Мадатов бросил ложку и захохотал вместе с остальными офицерами батальона. Но смех быстро прервался.

В балаган заглянул Никифоров, вахмистр первого эскадрона. Его люди дежурили на площади у балагана.

– Так что, ваше благородие, господин полковник. Офицер из второго батальона. Шибко прискакал, что-то срочное.

– Давай его скорее сюда, – ещё больше оживился Ланской. – Послушаем, что там у Ефимовича.

Стоявшие раздвинулись, и приехавший штабс-ротмистр протиснулся сквозь переполненный балаган:

– Господин подполковник докладывает, что нашими разъездами обнаружен отряд турок. Сотни две пехоты и столько же конных. Две пушки. Несколько десятков повозок. Скорее всего, фуражиры. Сейчас идут лесом, но через час примерно выйдут на открытое место. Господин подполковник предполагает встретить их...

– Гусары! – начал было Ланской, выбивая трубку о столешницу, но балаган опустел раньше, чем он успел закончить приказ.

Шли рысью и прибыли на место минут через сорок.
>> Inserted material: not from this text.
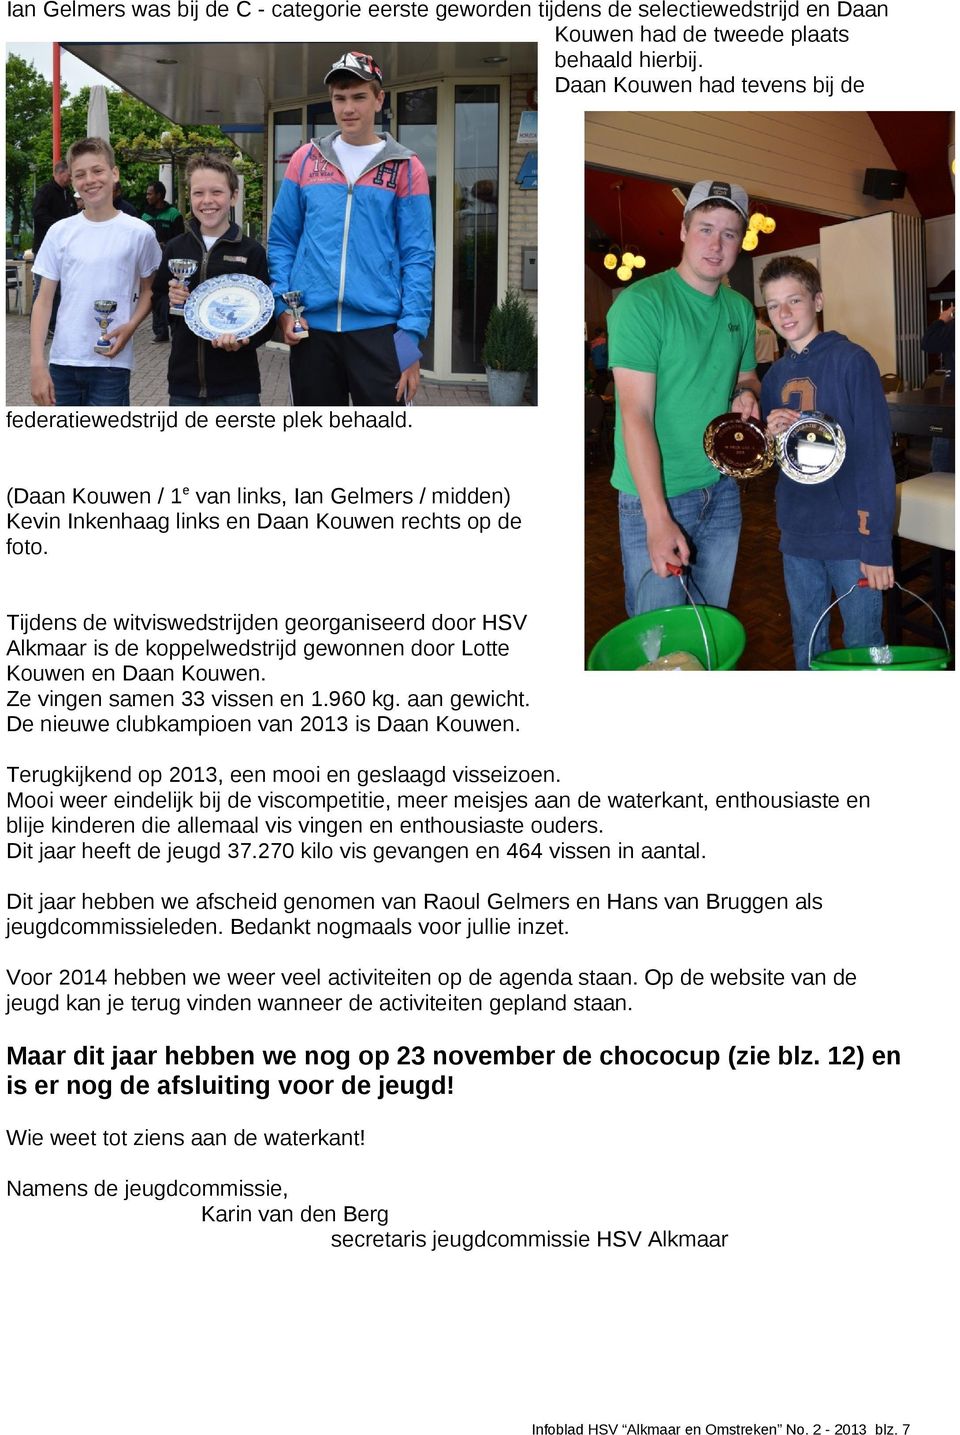 Tijdens de witviswedstrijden georganiseerd door HSV Alkmaar is de koppelwedstrijd gewonnen door Lotte Kouwen en Daan Kouwen. Ze vingen samen 33 vissen en 1.960 kg. aan gewicht.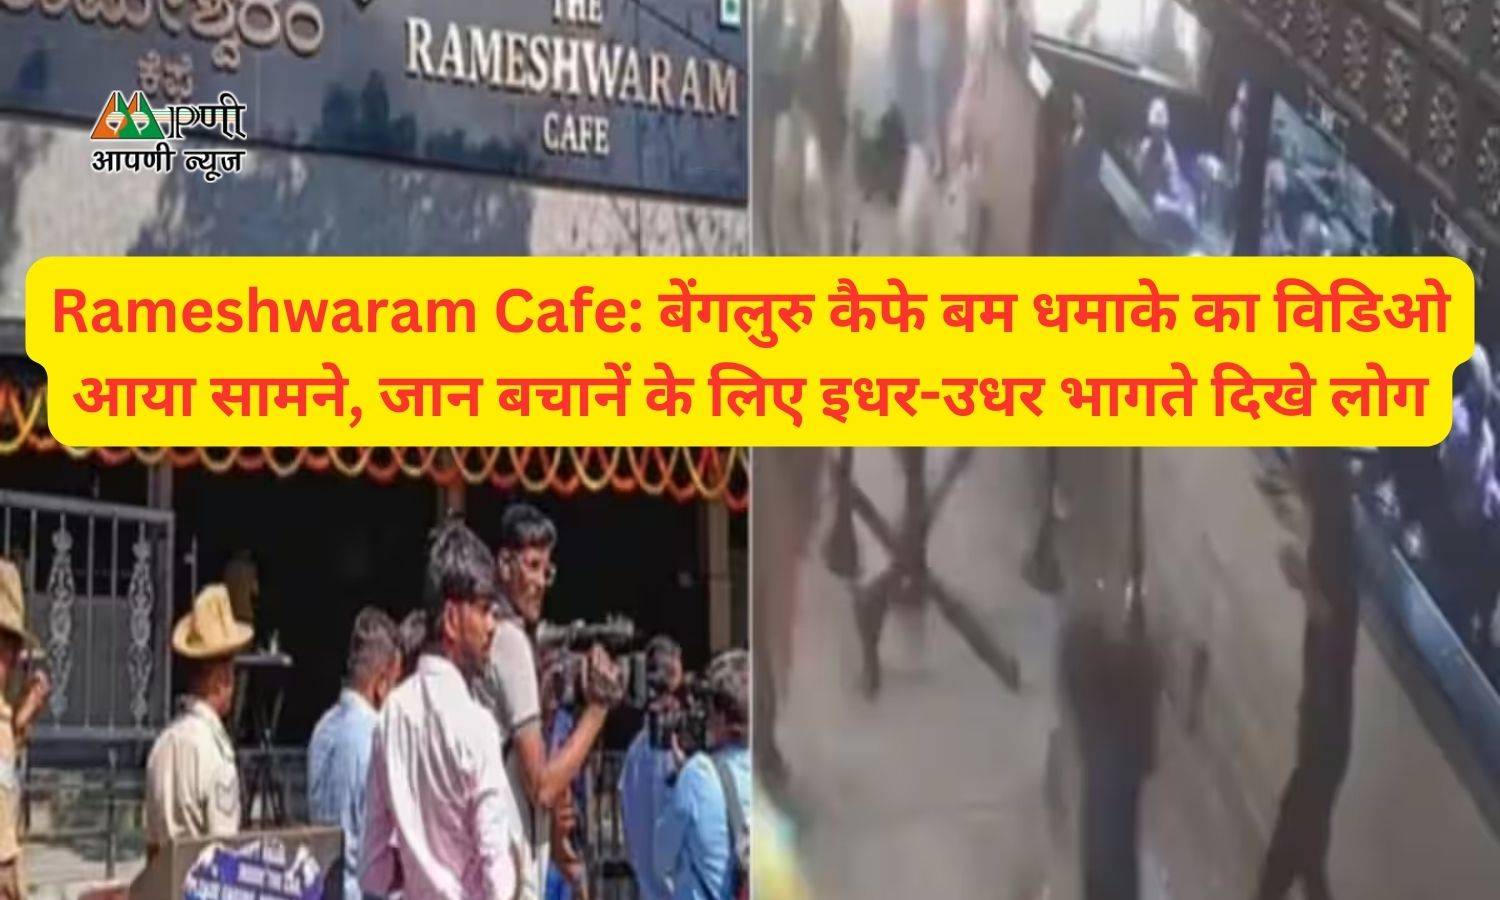 Rameshwaram Cafe: बेंगलुरु कैफे बम धमाके का विडिओ आया सामने, जान बचानें के लिए इधर-उधर भागते दिखे लोग

Офицер Ефимовича вывел их достаточно точно. Турецкий отряд как раз пересёк островок леса и строился на опушке. Ланской остановил батальон ещё за деревьями и собрал эскадронных:

– Ефимович выманит на себя конных, а нам останутся пехота и артиллерия. Мадатов – пушки твои. Помни – прислуга у них отличная, если успеют приложиться как следует, всем нам здесь карачун... Что мрачен, ротмистр?

– Конницей на пехоту... – нехотя ответил Валериан.

– Да, Мадатов, не по уставу. Сюда бы твоих егерей, роты хотя бы две, славное бы дело вышло. Ну, даст Бог – и александрийцы не оплошают. Не грусти, гусар! Война любит весёлых! Где же Ефимович?!

– Выезжают, – быстро отозвался Мадатов.

Ланской прищурился, быстро поднял трубу, вгляделся и ещё быстрее убрал её в ташку.

– Точно. Ах, мне бы твои глаза, горец! Ну, по местам, гусары!.. Готовимся... И помни, ротмистр, – пушки! Сам вперёд не лети. Бей строем – куда сильнее получится.

Мадатов занял место впереди эскадрона. Корнета отослал в замок, вахмистра поставил у первого взвода.

– Не извольте беспокоиться, ваше благородие. Справимся, не впервой.

Чернявский сидел ровно и улыбался, а Мадатова била дрожь. По земле он привык уже бегать навстречу пулям, штыкам, стойко встречать сабли и ядра. Верхом атаковать неприятеля ему до сих пор толком не доводилось. Он погладил по шее Проба и понял, что конь держится куда как спокойнее.

– Гусары!.. – Ланской потянул саблю из ножен.

Ефимович выводил свои эскадроны не торопясь. Выстроил развёрнутым строем и сам выехал перед фронтом. Турки сбились в кучу, но, сравнив силы, решились встретить русскую конницу. Кавалеристы пошли вперёд, пехота изготовилась стрелять, и пушкари забегали у орудий.

Второй батальон двинулся сначала шагом, потом рысью. Турки взвизгнули хором, коротко и тоже припустили быстрее. Ланской убедился, что конница неприятельская уже связана боем, кивнул довольно и закончил отложенную команду:

– Марш-марш!..

Гусарам повезло. Здесь земля к полудню успела подсохнуть, и Мадатов с места пустил коня в полный скок. Он слышал, как стучат за спиной десятки, сотни подков, но видел перед собой только ряды пехотинцев, прикрывавшие артиллерию.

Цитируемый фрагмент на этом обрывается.